Role of estrogen and RAS signaling in repeated implantation failure

Kwonho Hong 1, Youngsok Choi 2,*
PMCID: PMC5988576  PMID: 29519295

Abstract

In humans, hormonal regulation is crucial for the preparation of uterine environment leading to either successful implantation or menstrual cycle. Estrogen is a pivotal female steroid hormone that regulates the uterine dynamics along with progesterone in the estrous and menstrual cycles in humans. Estrogen signals act via nuclear estrogen receptor or membrane-bound receptor. The membrane-bound estrogen receptor plays a crucial role in the rapid response of estrogen in the uterine epithelium. Recently, RASD1 has received attention as a novel signal transducer of estrogen in various systems including female reproductive organs. In this review, we discuss the regulation of estrogen and RASD1 signaling in the uterus and also provide insights into RAS as a novel signaling molecule in repeated implantation failure.
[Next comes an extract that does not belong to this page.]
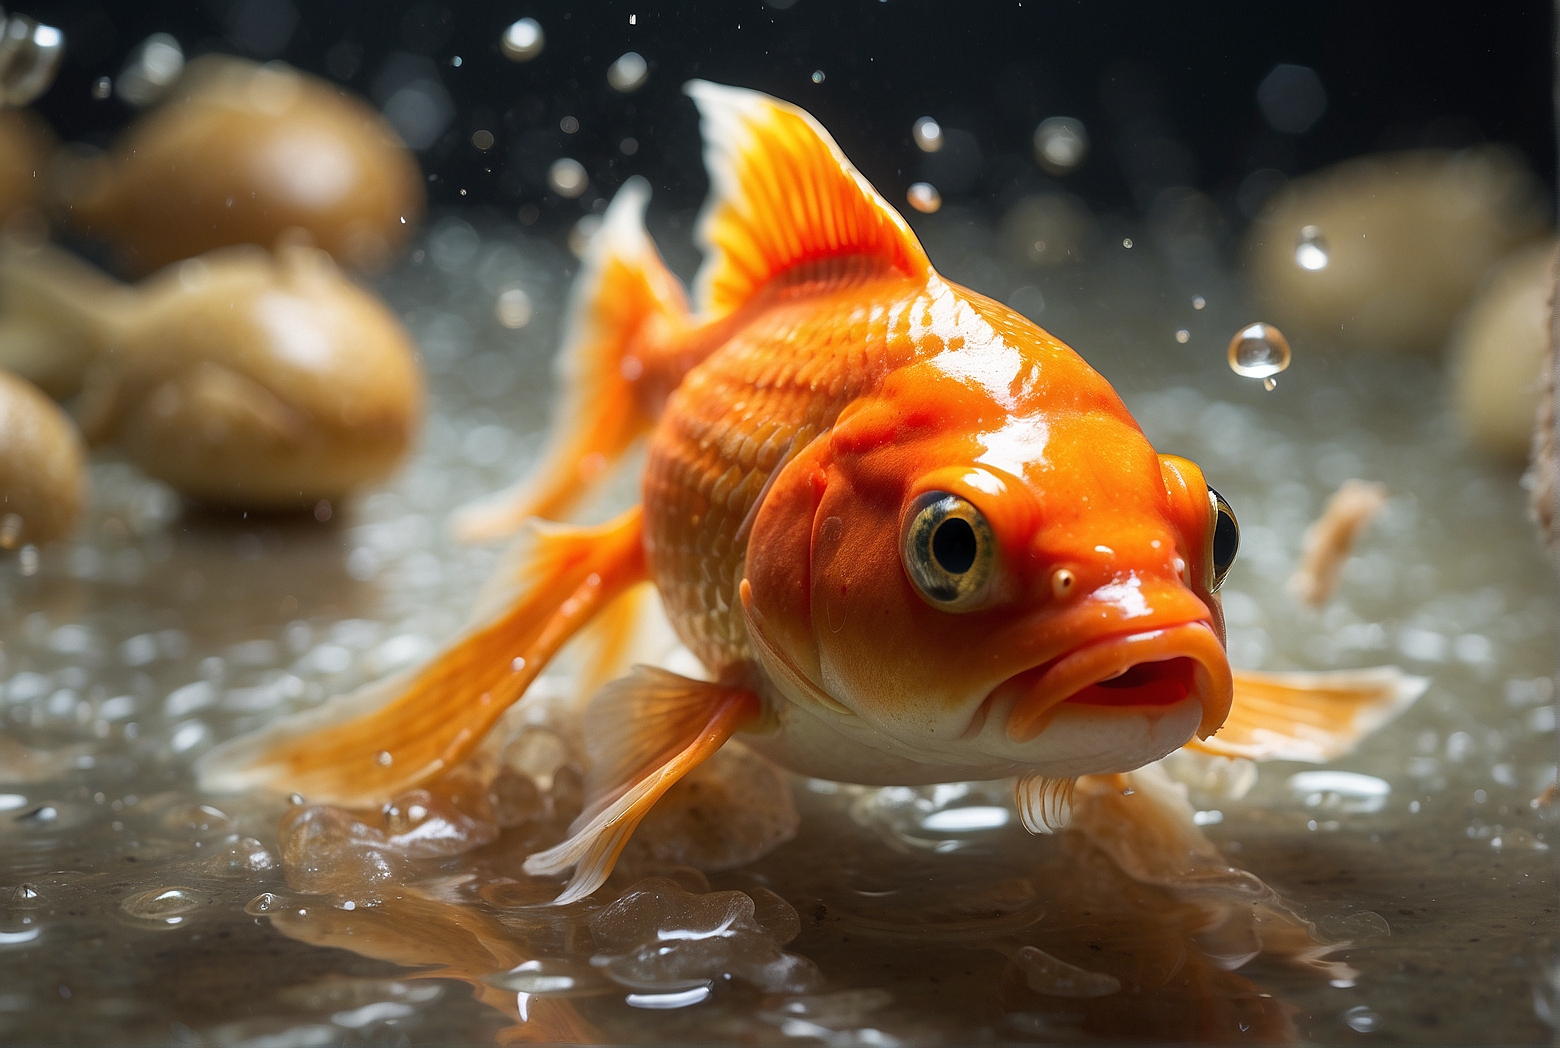 Can goldfish eat bread?

Keywords: Estrogen, Estrogen receptor, RAS signaling, Repeated implantation failure, Uterus

INTRODUCTION

Uterus is an important reproductive organ in mammals, and is responsive to female hormones. The organ comprises three layers: endometrium, myometrium, and perimetrium. Endometrium is the innermost layer of the uterus, and contains luminal and glandular epithelium along with stromal region. The endometrium changes throughout the menstrual cycle in response to ovarian hormones, estrogen and progesterone. Estrogen is one of the crucial female steroid hormones and plays a key role in regulating physiological and cellular functions of various tissues including reproductive organs (1, 2). Estrogen orchestrates the cycle of uterine epithelium with another steroid hormone, progesterone, for successful uterine implantation after puberty. In this review, we will investigate the relationship between estrogen and the recently reported RAS signal as well as the implications for patient with repeated implantation failure.

ESTROGEN SIGNALING

Estrogen production from the ovary during the estrous or menstrual cycle

Estrogen exists in three forms such as estrone, estradiol, and estriol (1, 2). Estrogen is produced in various tissues including the ovary, placenta, fat, and the liver in females (3, 4). It is the primary source of estrogen production. Two different somatic cells known as theca and granulosa cells surround the oocyte in the ovarian follicles (35). Estrogen biosynthesis depends on P450 aromatase enzyme activity, which catalyzes the hydroxylation of estrogen precursors, adrostenedione or testosterone (Fig. 1). Androstenedione and testosterone are produced in theca cells from cholesterol via steroidogenesis, and diffuse into granulosa cells, which contain aromatases leading to estrogen synthesis during reproductive life. Estrogen production in the ovary changes periodically along with the estrous or menstrual cycle under the control of a gonadotropin, follicle-stimulating hormone. which is synthesized and secreted by the anterior pituitary (6).

Fig. 1.

Fig. 1

Estrogen production. Estradiol is synthesized in the ovary based on the two-cell theory. In theca cells, androstenedione or testosterone is generated from cholesterol. In granulosa cells, estrone or estradiol is produced from androstenedione or testosterone by aromatase, which is a cell-specific enzyme. Estradiol in the blood is converted into estriol in the liver or placenta (modified from Hiller (1, 3)).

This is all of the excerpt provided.